Omit the pictures and reproduce the rest of the listing exactly.

COLLECTED DATA →
======

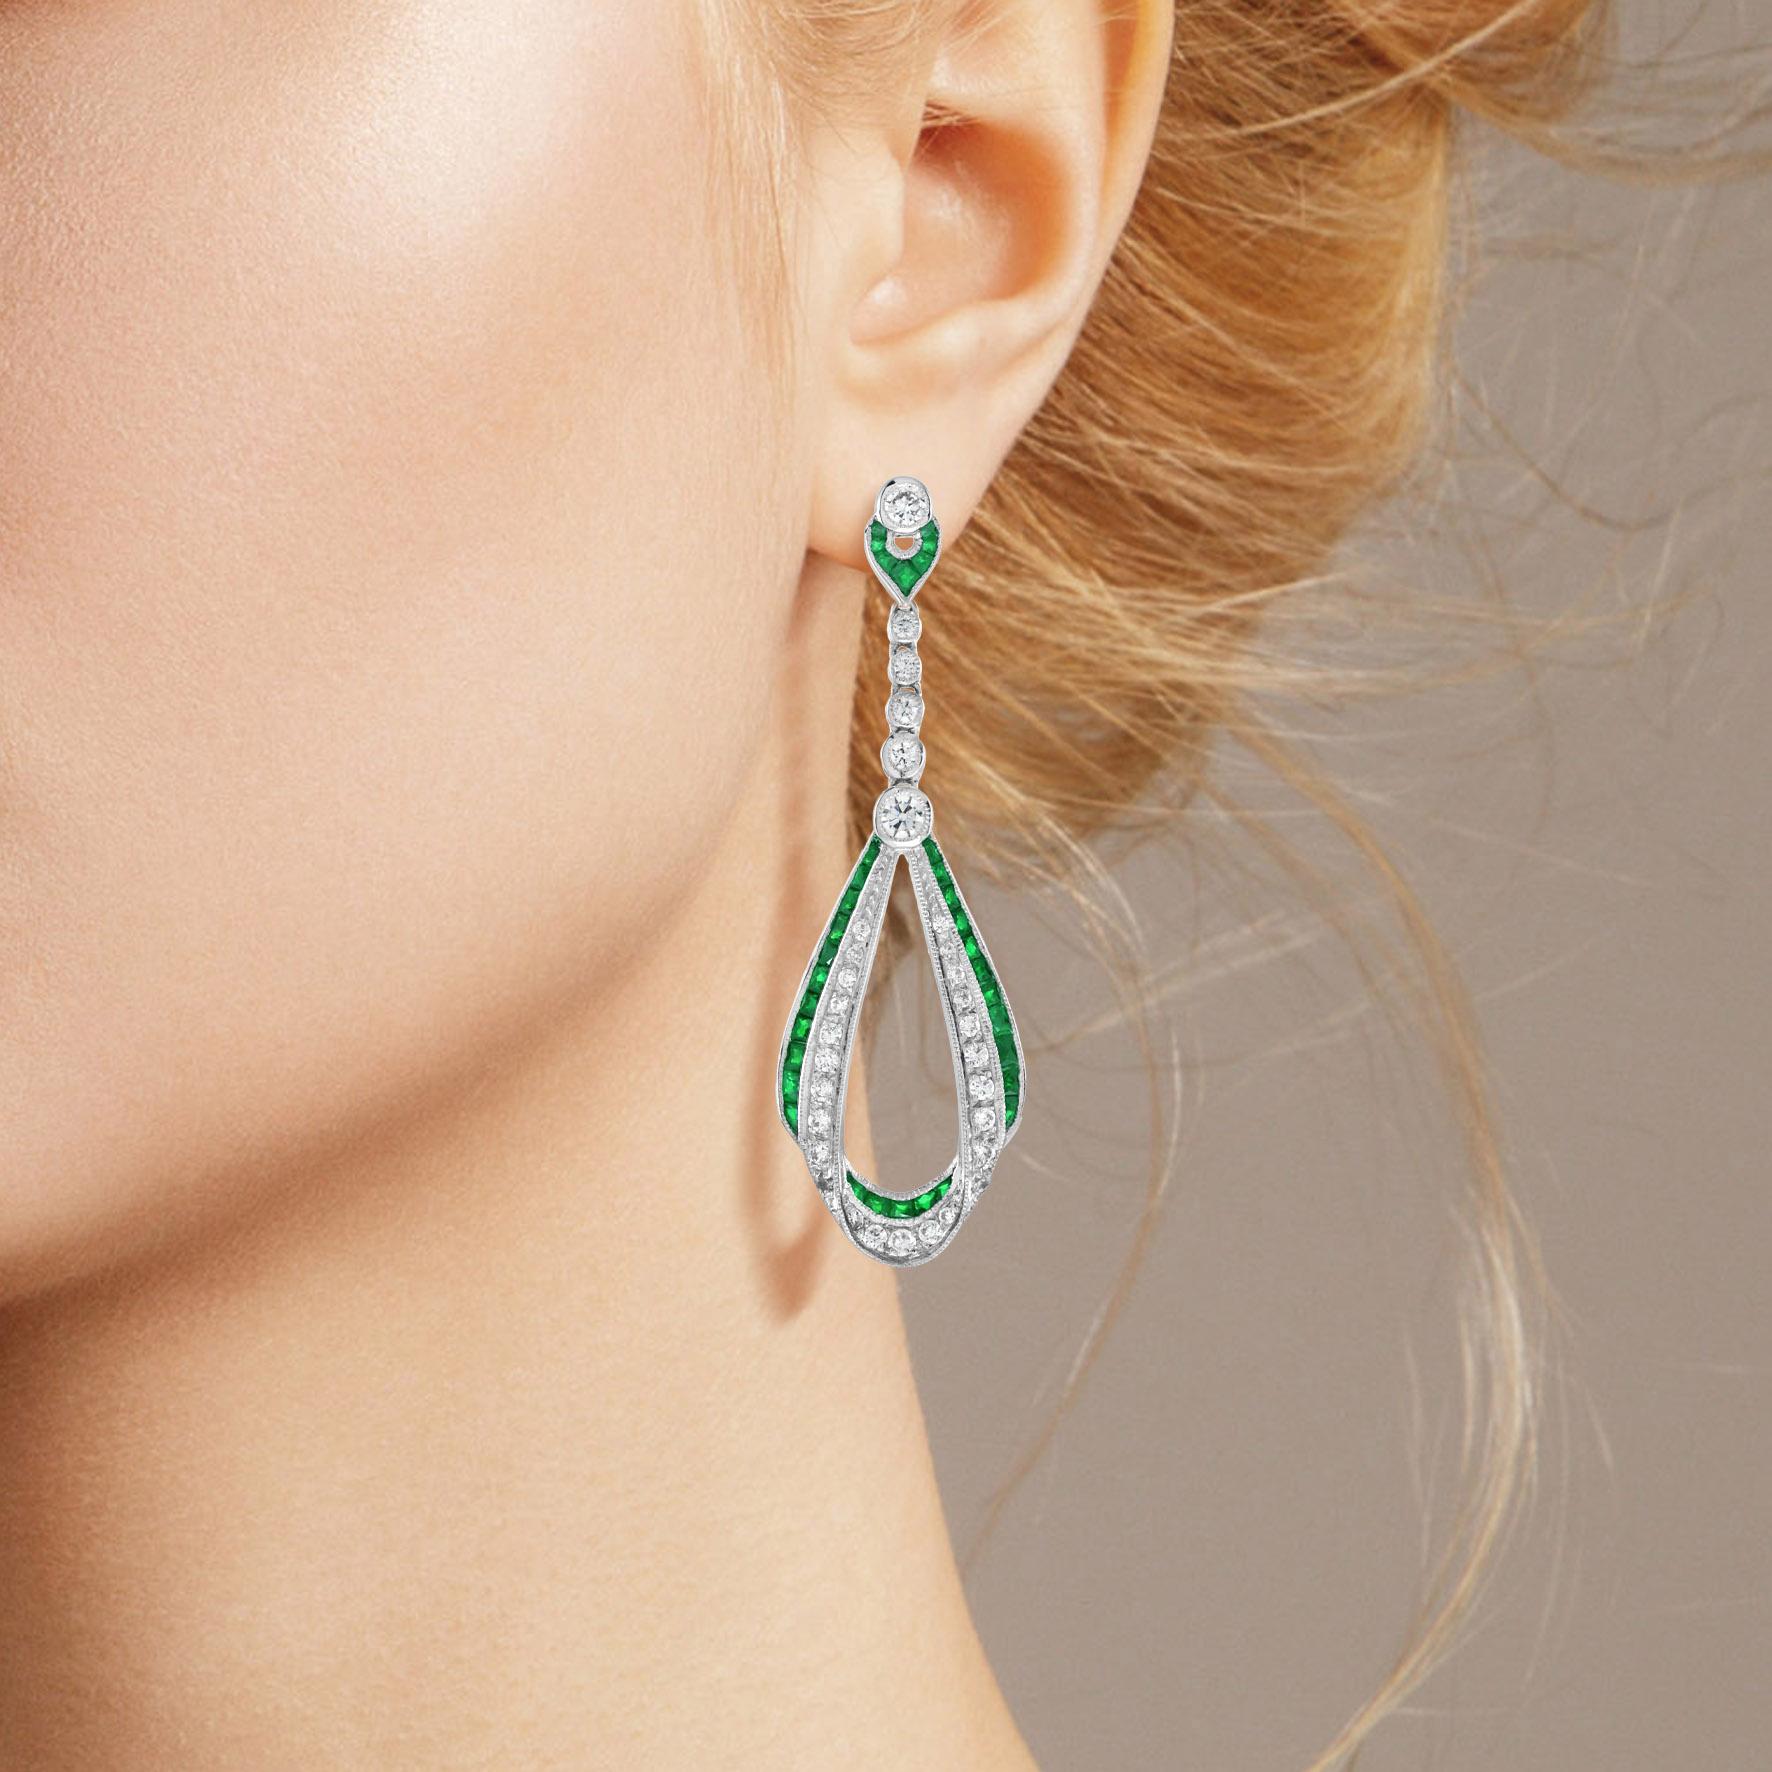 Diese Tropfenohrringe im Art-Déco-Stil sind absolut atemberaubend und außergewöhnlich. Über 5 Karat lebhafte und außergewöhnliche Smaragde säumen den Rand der Ohrringe. Und 0,89 Karat feine Diamanten. Die kunstvolle und präzise Verarbeitung des
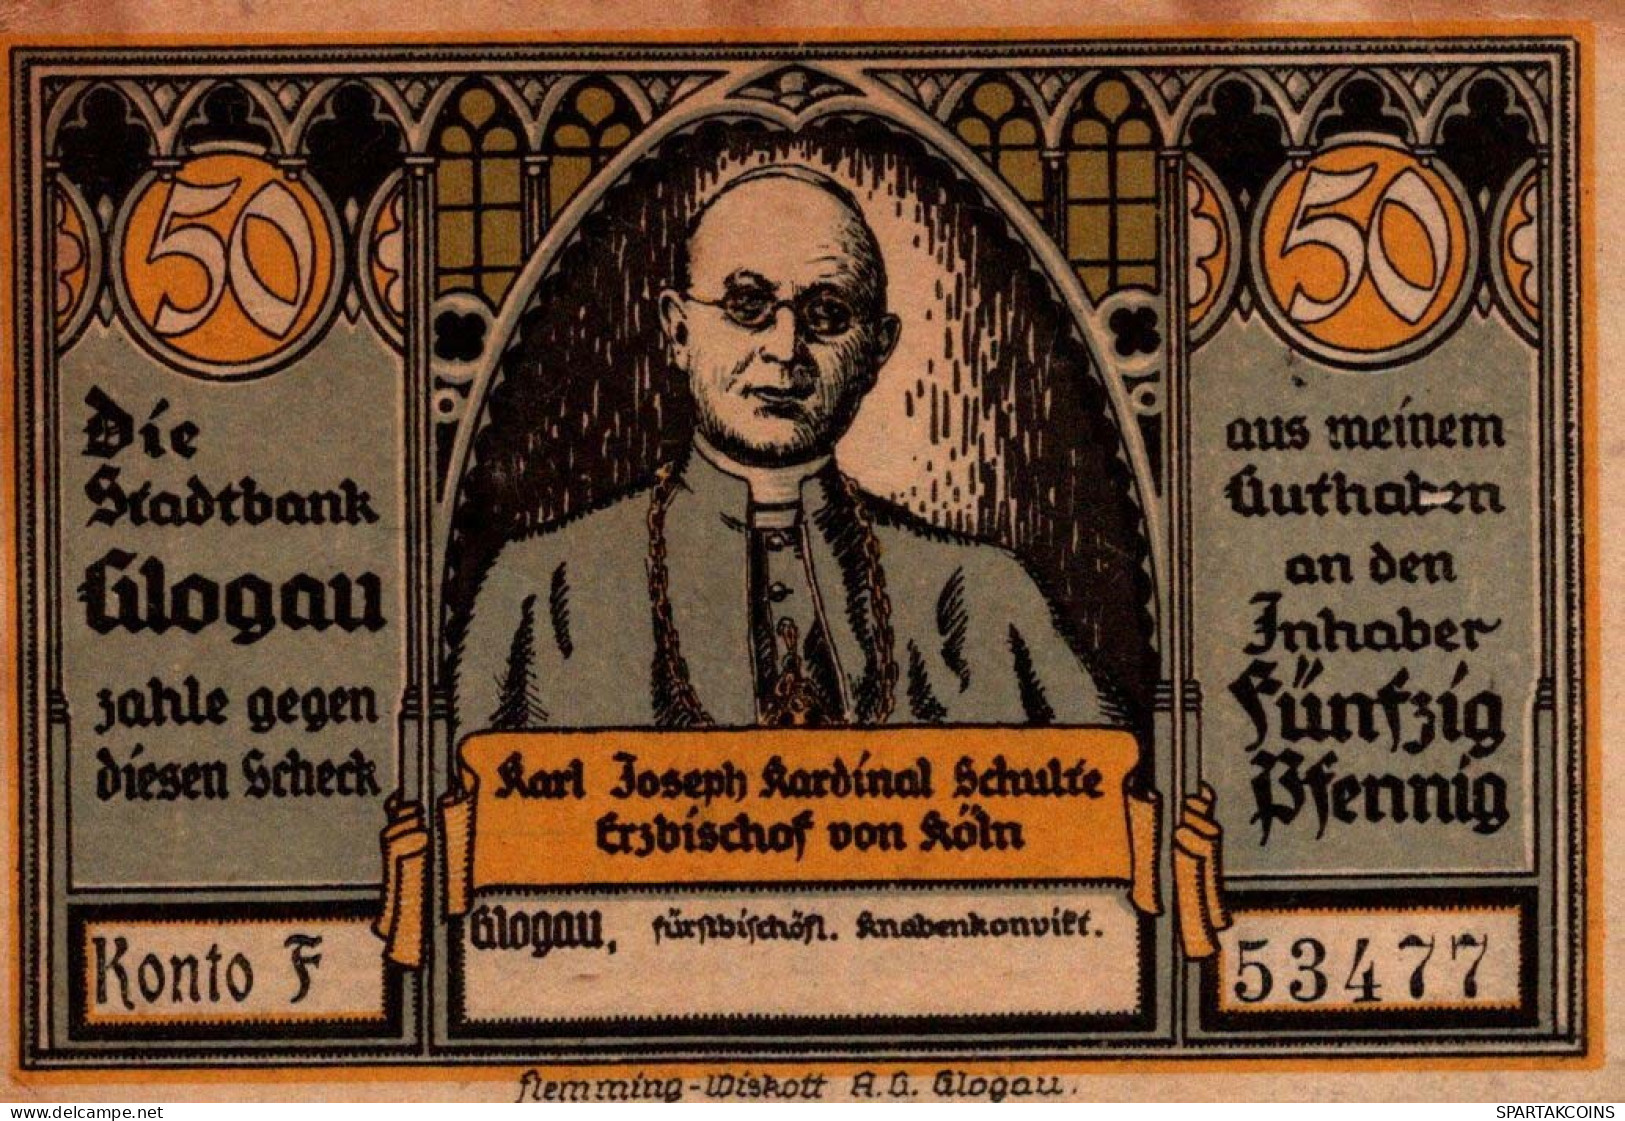 50 PFENNIG 1922 Stadt GLOGAU Niedrigeren Silesia UNC DEUTSCHLAND Notgeld #PC979 - [11] Local Banknote Issues
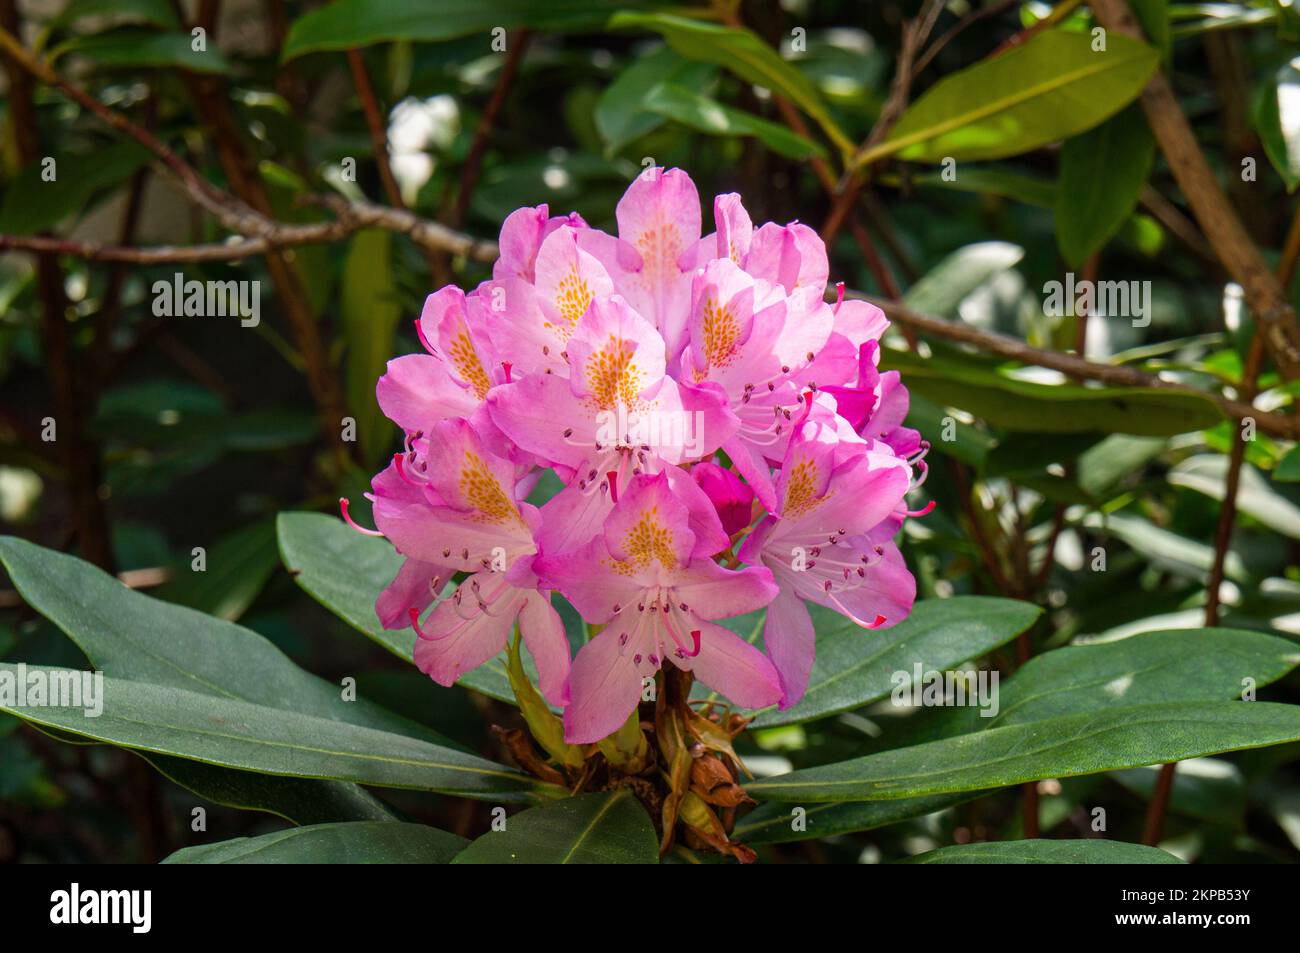 Kvetouci penisnik, kultivar Rhododendron 'Roseum Elegans', 9. cervna na zahrade v Pruhonicich u Prahy.—Flowering cultivar Rhododendron 'Roseum Elegans Stock Photo
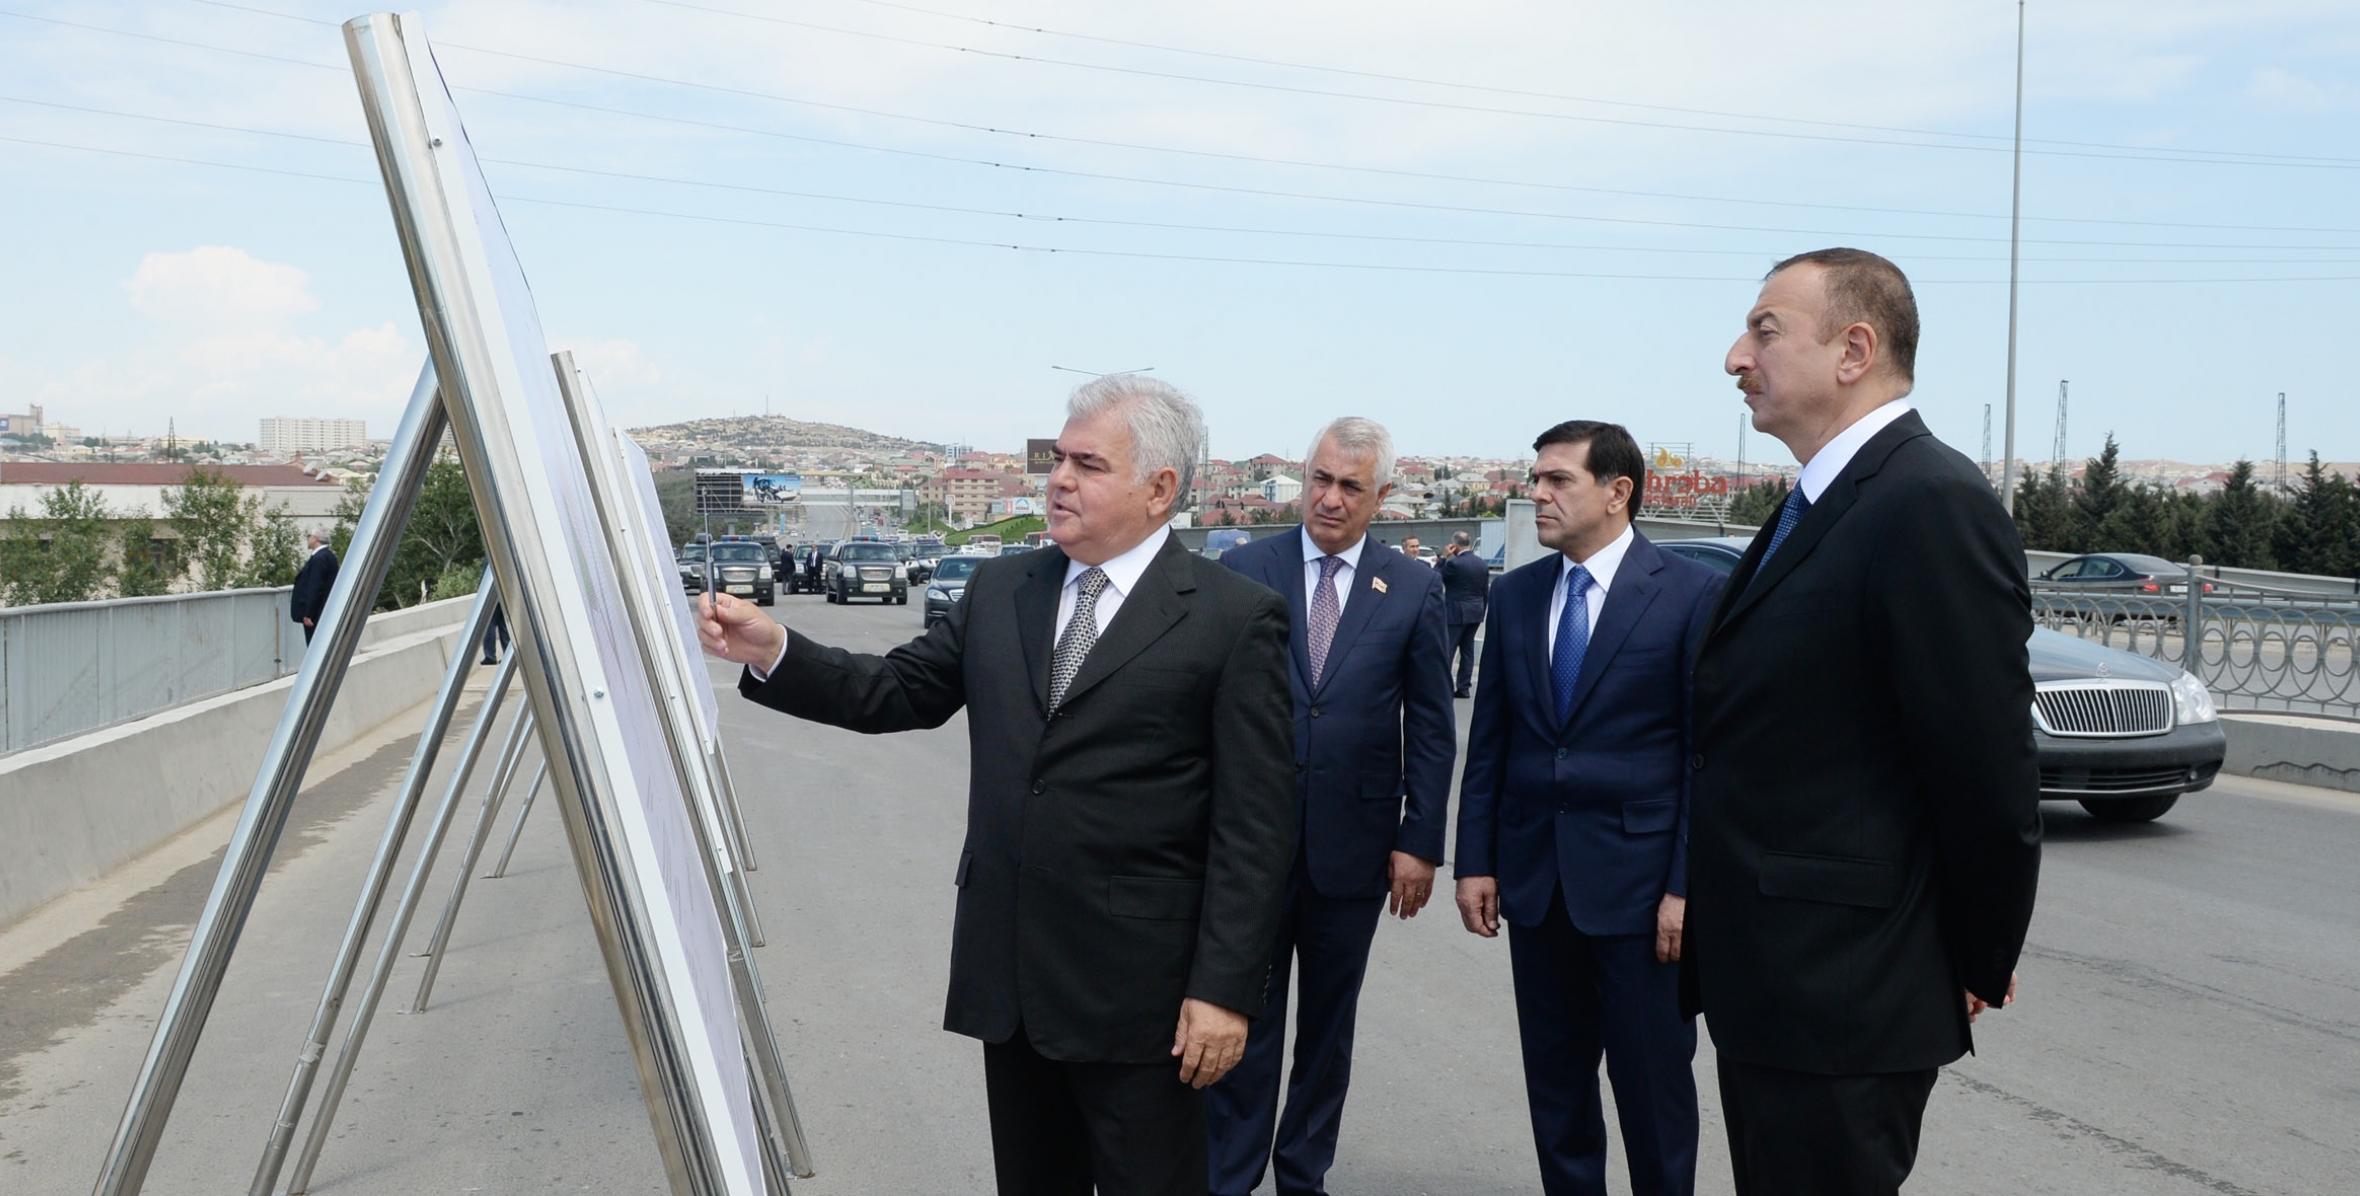 İlham Əliyev əsaslı şəkildə yenidən qurulmuş Tağıyev-Sahil avtomobil yolunun açılışında iştirak etmişdir

======

FINAL ANSWER →
 Diese Tropfenohrringe im Art-Déco-Stil sind absolut atemberaubend und außergewöhnlich. Über 5 Karat lebhafte und außergewöhnliche Smaragde säumen den Rand der Ohrringe. Und 0,89 Karat feine Diamanten. Die kunstvolle und präzise Verarbeitung des
 50 PFENNIG 1922 Stadt GLOGAU Niedrigeren Silesia UNC DEUTSCHLAND Notgeld #PC979 - [11] Local Banknote Issues
 Kvetouci penisnik, kultivar Rhododendron 'Roseum Elegans', 9. cervna na zahrade v Pruhonicich u Prahy.—Flowering cultivar Rhododendron 'Roseum Elegans Stock Photo
 İlham Əliyev əsaslı şəkildə yenidən qurulmuş Tağıyev-Sahil avtomobil yolunun açılışında iştirak etmişdir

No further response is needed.